In the wake of recent school shootings across the country, some Fulton County parents are pushing officials to consider ending the use of school buildings as Election Day polling places. But the county’s elections director says that could disenfranchise voters in places with few alternative polling locations.
Meanwhile, Fulton County Schools is considering one option it seems everyone can agree on: making the next general election day, Nov. 6, a teacher work day, so students would stay home.
Liliana Brenner and Kristin Sharpe, co-presidents of the North Fulton Council PTA, said in joint emails that local PTA units are “evaluating the impact of hosting polling stations in schools.”
“There are concerns that these stations cannot be established while maintaining a separation of voters from students; this potentially impacts student and school security,” they wrote. “…We are not aware of any specific incidents but want to be proactive about the safety of the children in our schools.”
Sen. John Albers (R-Roswell) said a new Senate school safety committee, for which he wrote the authorizing legislation, will “definitely” discuss the polling place issue. “I have just recently been asked about this issue and plan to review it,” Albers said in an email. “Safety has to be [the] Number One priority.”
Richard Barron, director of the Fulton County elections department, said that some precincts have few options for polling places besides school buildings and barring access could reduce voting rights.
“If we tried to get out of some [schools], our activist groups [and] neighborhood associations, would be up in arms,” Barron said. “You can disenfranchise voters by moving out of polling places.”
The parental concerns are not coming from any recent incident in Fulton schools. The impetus is a similar discussion in Cobb County, where officials are reportedly discussing both school safety and difficulty in voters getting through school security – which Barron said is not a problem in Fulton. Cobb County officials did not respond to comment requests. The Atlanta and DeKalb school districts did not have immediate comment on whether they are hearing similar concerns.
Brenner and Sharpe said north Fulton parents are working on the issue with the Georgia PTA. The Virginia-based National PTA said it is unaware of any polling place debates. “We have not heard anything here at National PTA about such concerns,” and the organization does not have a position on the issue, said spokesperson Heidi May Wilson.
Fulton Board of Education Vice President Linda McCain raised the issue at the board’s June 12 meeting. As a short-term measure, she asked Fulton Schools Superintendent Jeff Rose to consider making Election Day on Nov. 6 a teacher work day “so our students are not in the building…which would go a long way toward alleviating safety concerns parents have.”
On teacher work days, students do not attend classes at a school building, though the Election Day version might have them doing schoolwork at home via computer.
Rose said administration officials will “go back and look at the implications” of making Election Day a teacher work day and follow up with the board.
Barron, the Fulton elections director, said that similar teacher work days have been scheduled for previous major elections, such as presidential contests.

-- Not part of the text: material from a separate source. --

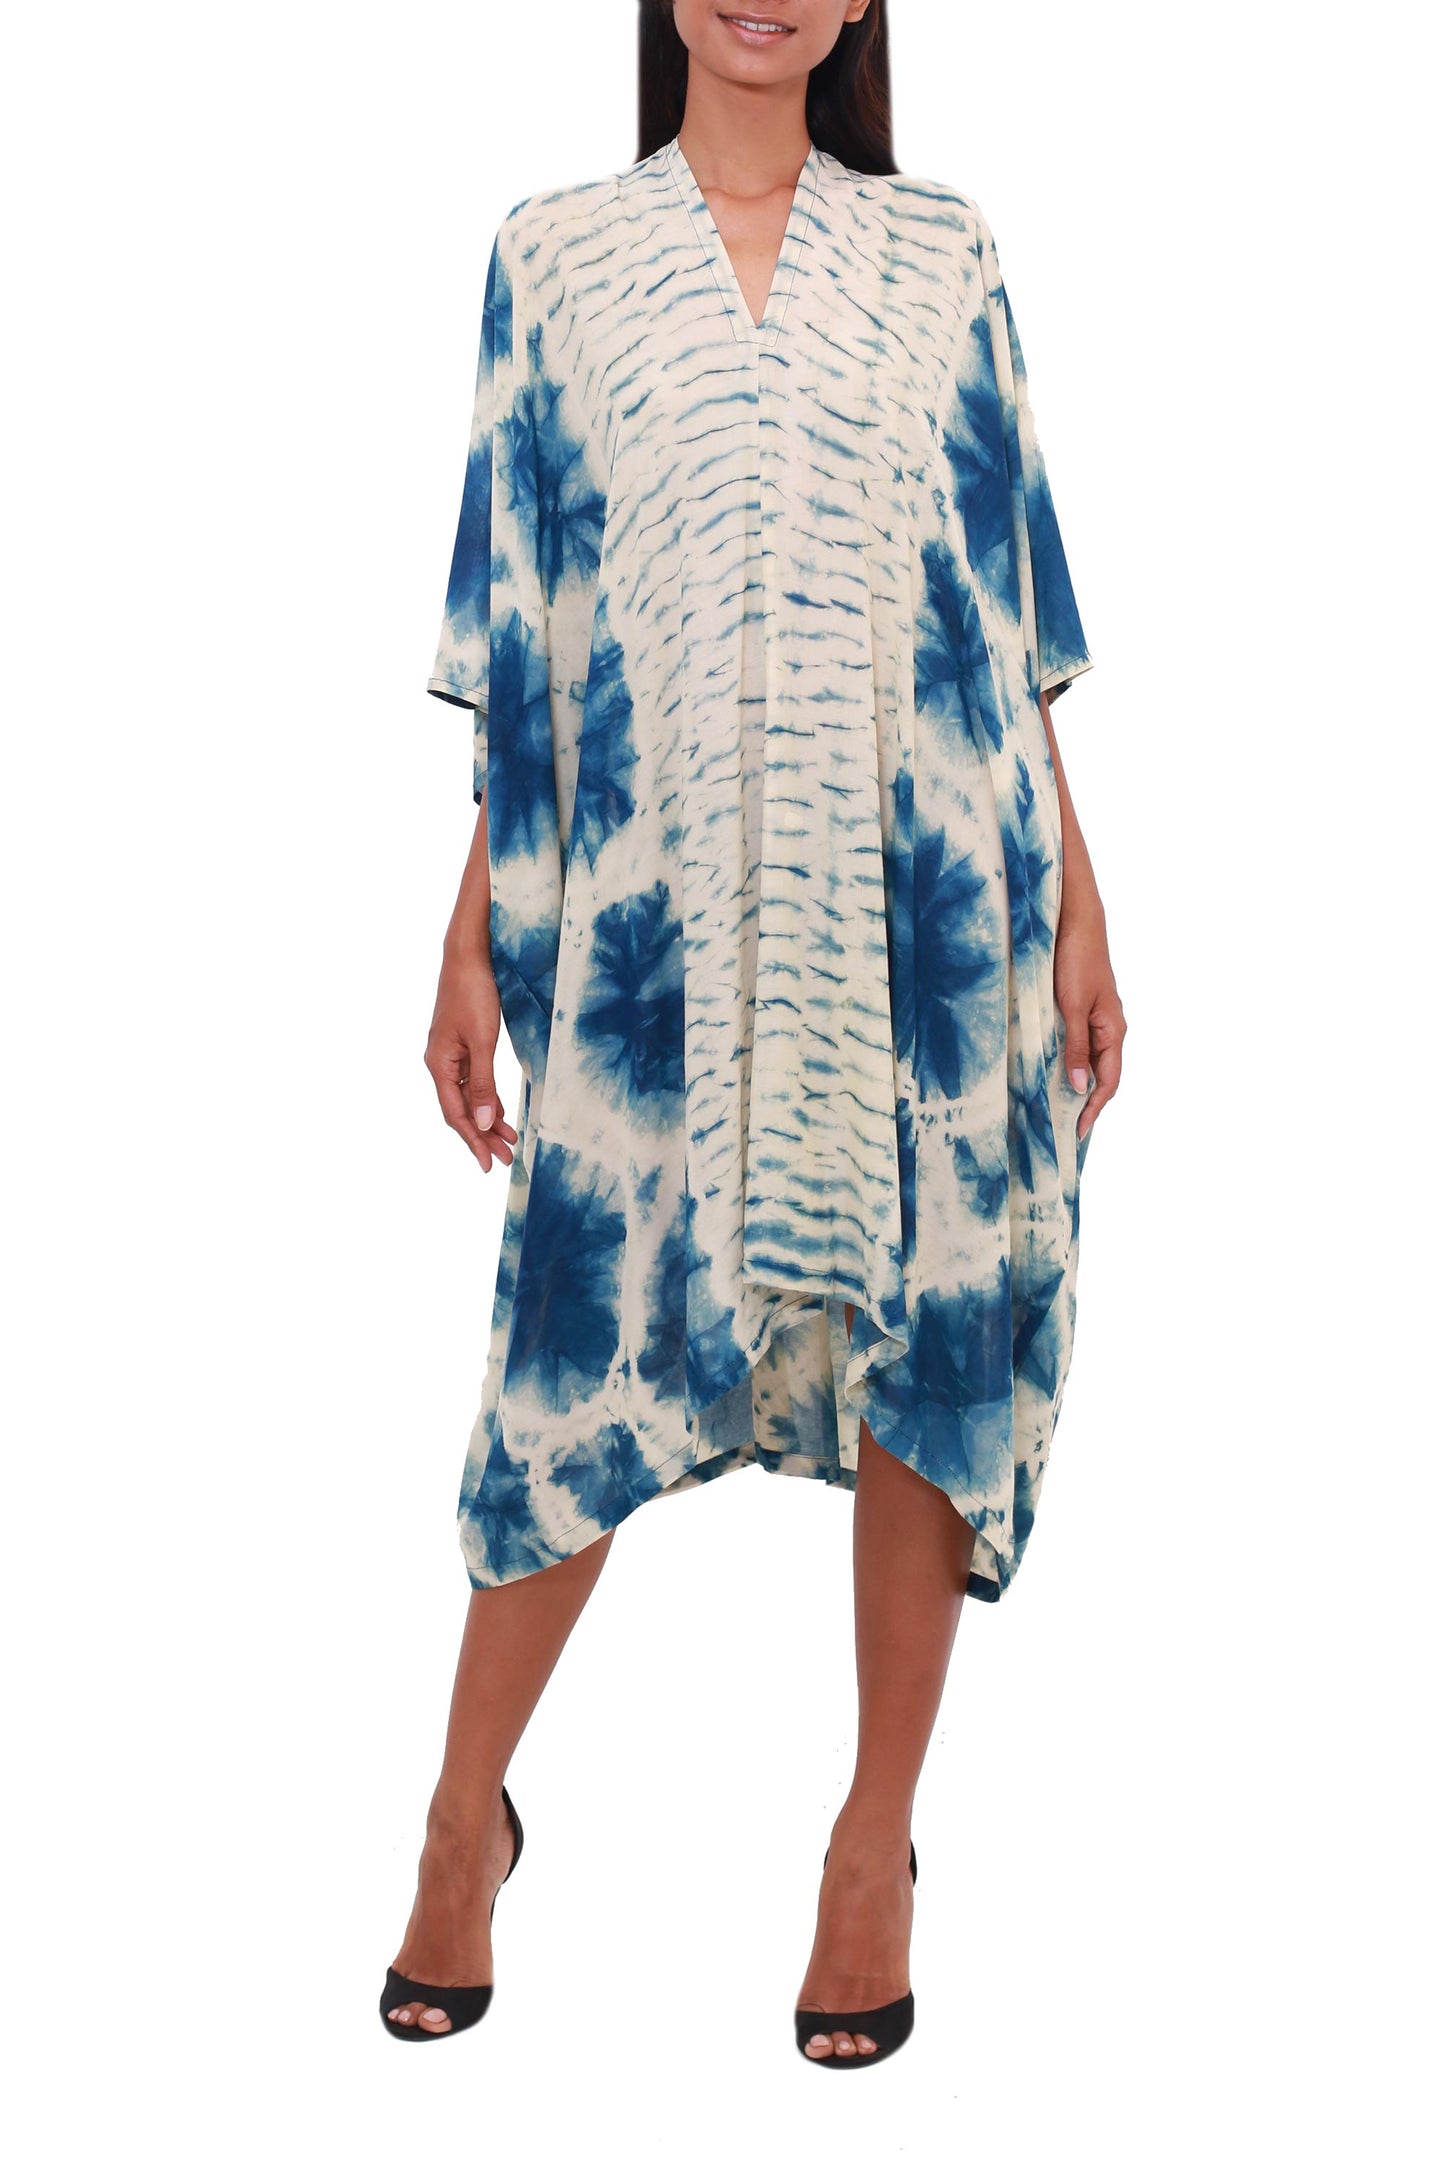 Angin Segara Oceanic Tie-Dyed Rayon Caftan Crafted in Java

He said he supports doing it again as “everyone would feel better” and it could reduce parking and traffic problems.
In his perfect system, he said, voting would be on weekends. But he objected to the idea of removing polling places from schools altogether. “I don’t like moving polling places,” Barron said. “I don’t particularly care for consolidating polling places, and I don’t want voters to get disenfranchised… It’s not just good public policy. Fulton County is the heart of the Civil Rights movement.”